Hearst Newspapers (HNP) is investing heavily in digital experiences, data engineering, and machine learning to power next-generation news products. The company is looking for a Principal Data Engineer to architect and build data pipelines for production ML and real-time applications to support these initiatives.
Requirements
- Proficiency in Python and SQL, with proven experience with DBT, Airflow, and cloud data platforms (GCP preferred, AWS or Azure a plus).
- Deep understanding of data modeling, ELT/ETL frameworks, and streaming solutions (e.g., Spark, Daft, Flink, Pub/Sub, Kafka, etc.).
- Experience designing and optimizing complex data architectures, including ML pipelines and near-real-time analytics solutions, as well as super high volume reporting applications.
- Leveraging Python, SQL, DBT, Airflow on GCP.
- Tools like Spark, Daft, Bedrock, Pub/Sub, Flink, or similar.
- ML pipelines, packaging, deploying, and monitoring models.
- Data pipelines to power data products and reporting tools.
Responsibilities
- Architect and build data pipelines for production ML and real-time applications (think graph-based recommendation engines, real-time customer scoring, and classification models for customer segmentation).
- Design and implement high-volume data ingestion, transformation, and orchestration solutions leveraging Python, SQL, DBT, Airflow on GCP.
- Drive the adoption of data processing using tools like Spark, Daft, Bedrock, Pub/Sub, Flink, or similar.

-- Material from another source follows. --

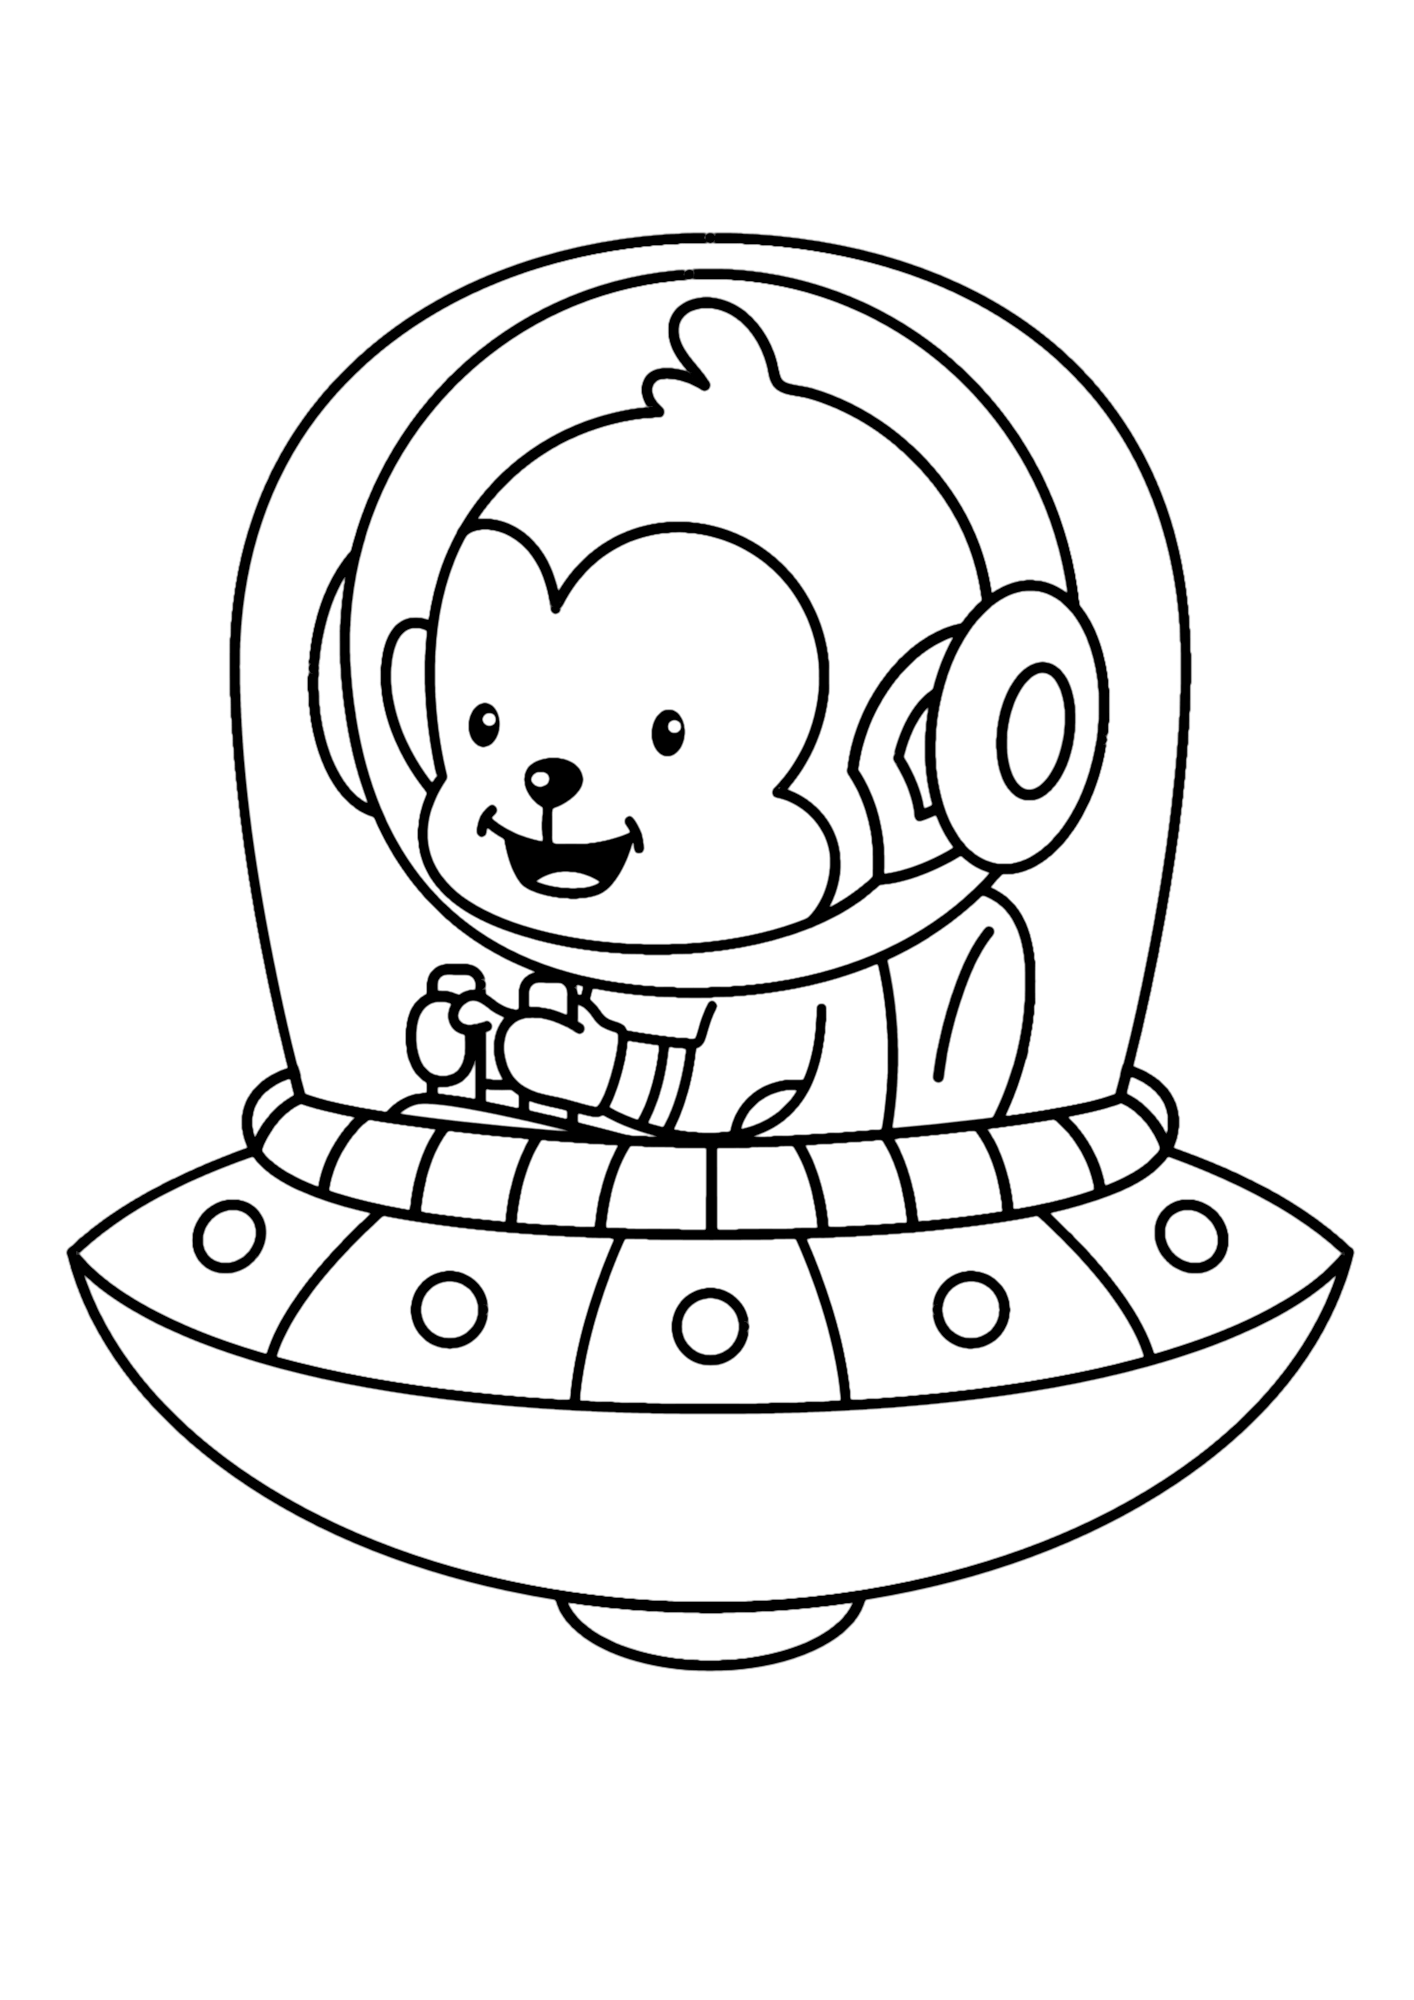 Astronaut Monkey Coloring Page

- Partner with data scientists to productionize ML pipelines, packaging, deploying, and monitoring models.
- Build and maintain data pipelines to power data products and reporting tools.
- Own the architectural design, development, and maintenance of data pipelines.

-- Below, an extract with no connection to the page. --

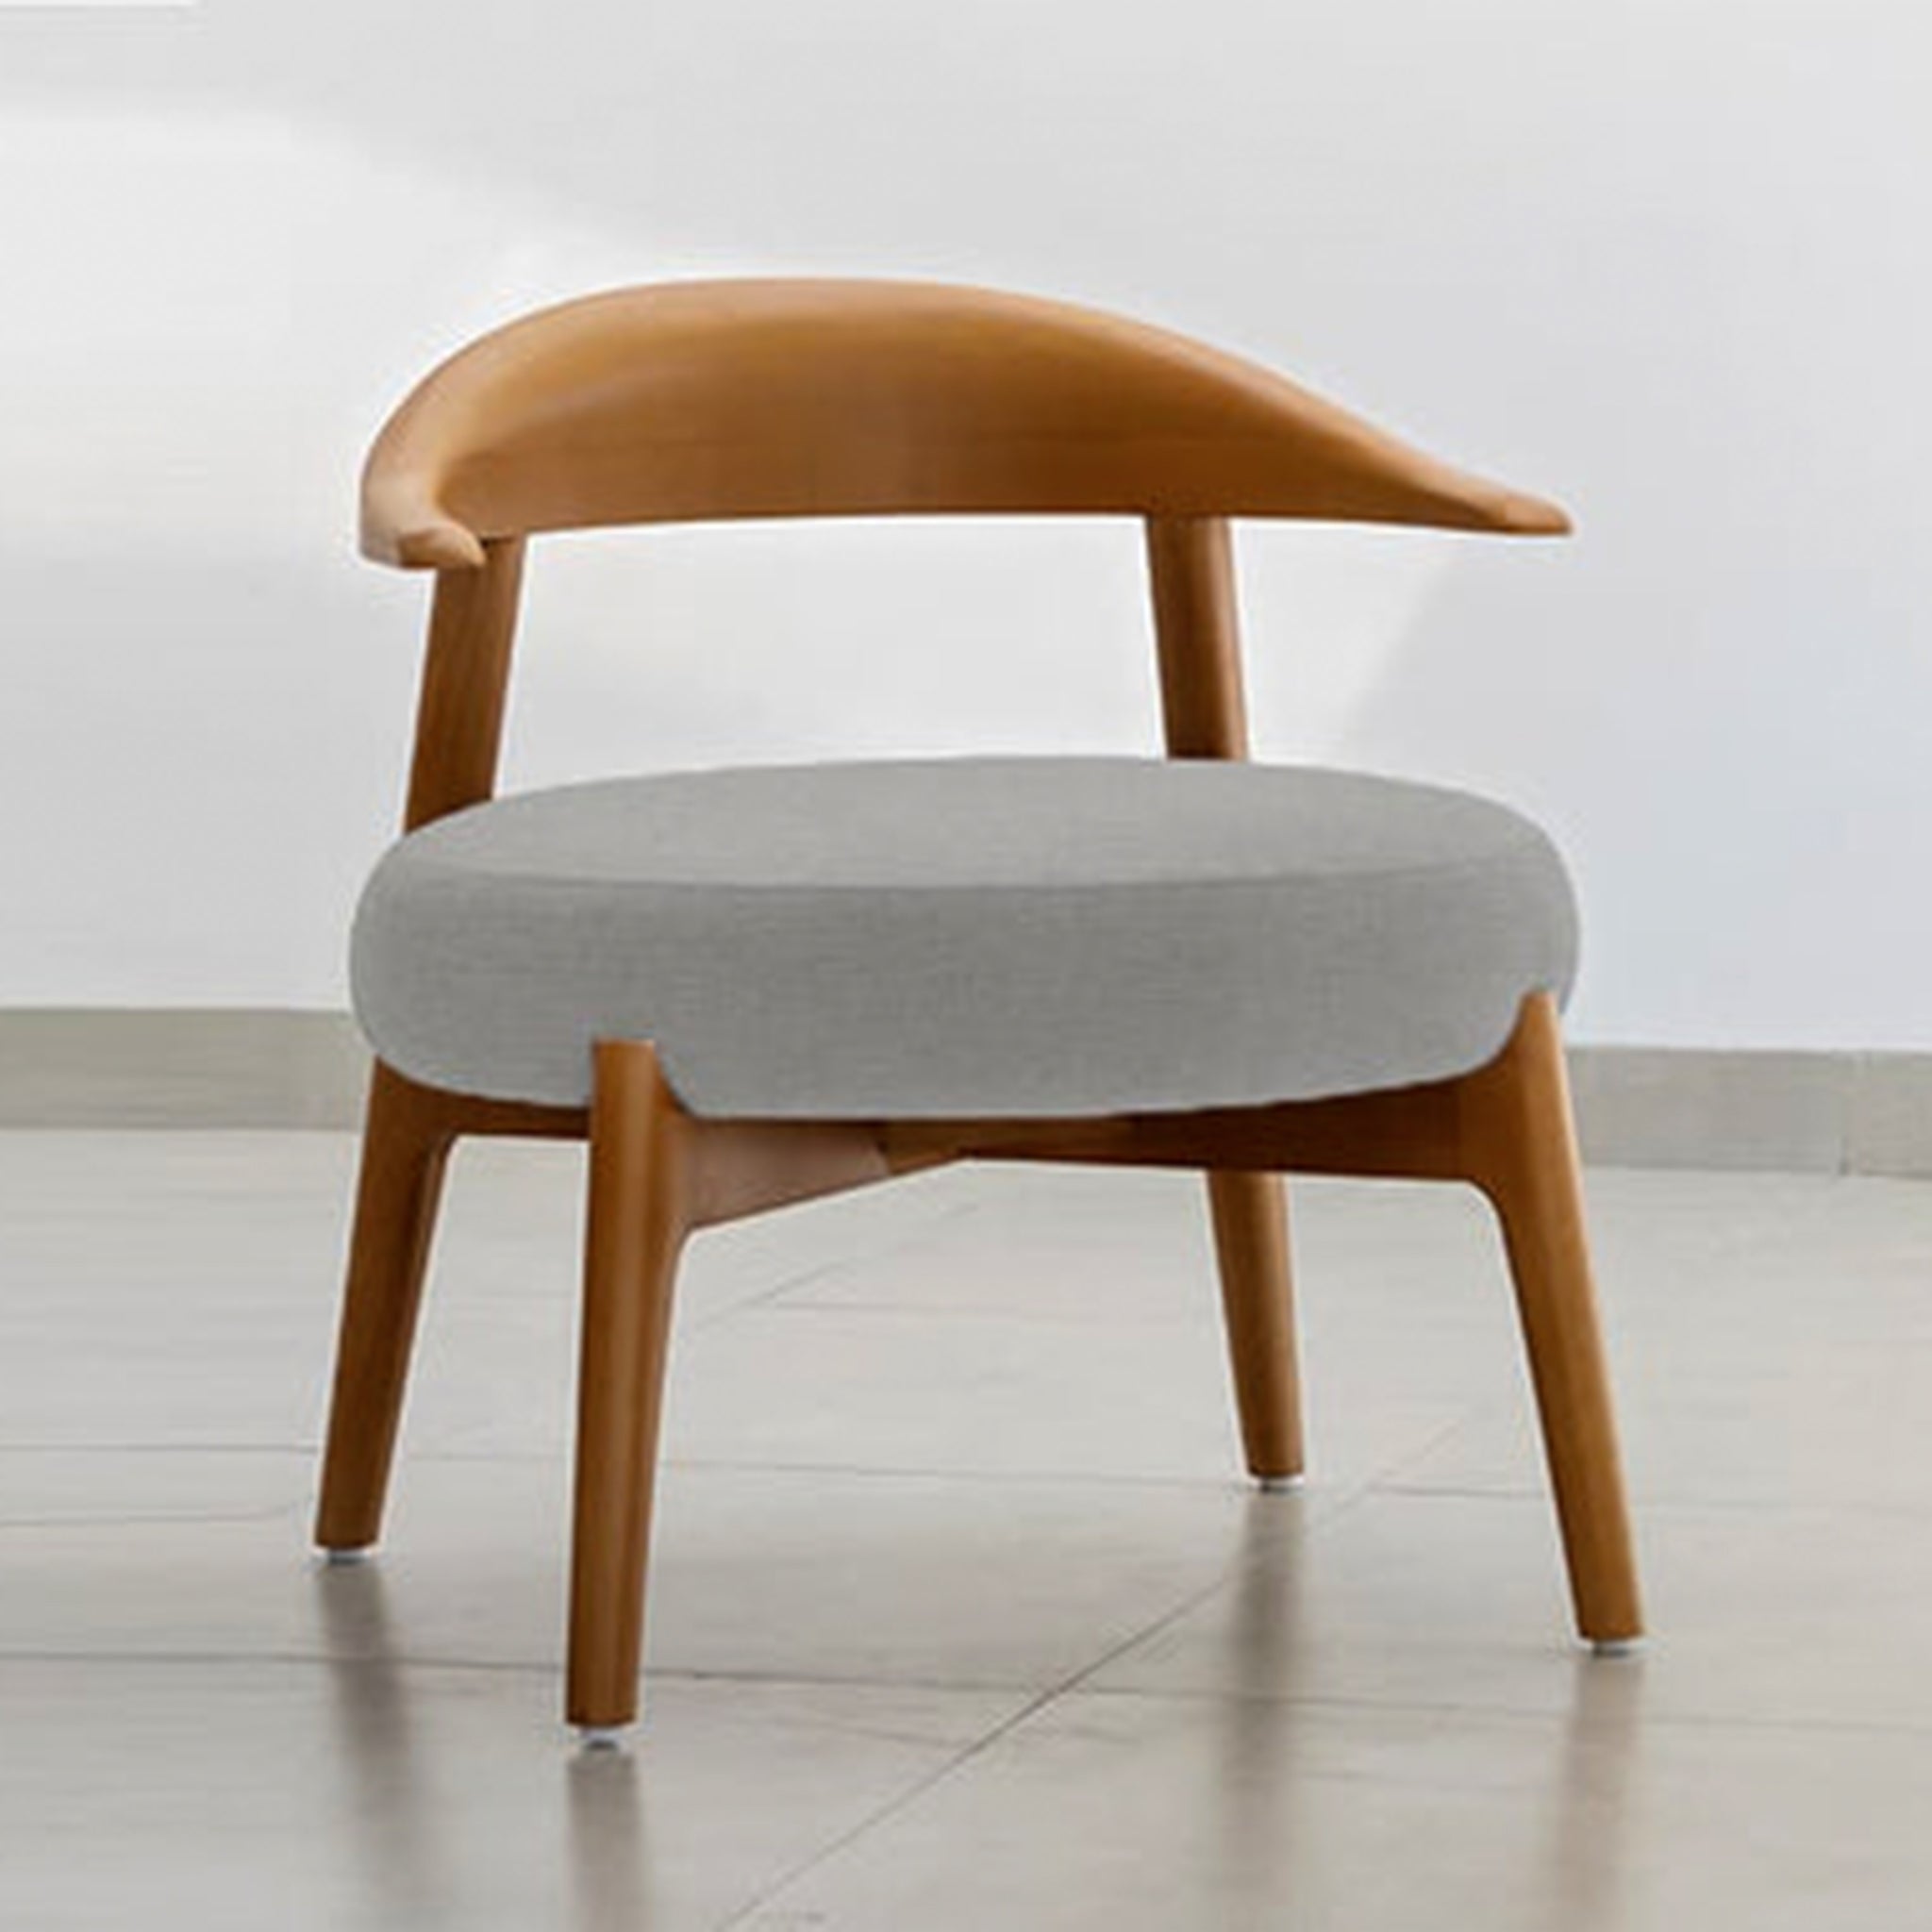 "The Hyde Accent Chair with elegant wooden frame and plush seating"

- Design data solutions with an emphasis on high availability, low latency, and scalability.
Other
- Hybrid in New York City
- 6–10 years of professional data engineering experience, with a track record of building production-grade pipelines and real-time data applications.
- Comfortable working in a fast-paced, outcome-oriented environment where you’ll tackle complex problems and get your hands dirty.
- Excellent communication skills and ability to mentor other engineers while also collaborating effectively with non-technical stakeholders.
- Familiarity with consumer products and/or advertising data models is a plus, but we prioritize skills over background.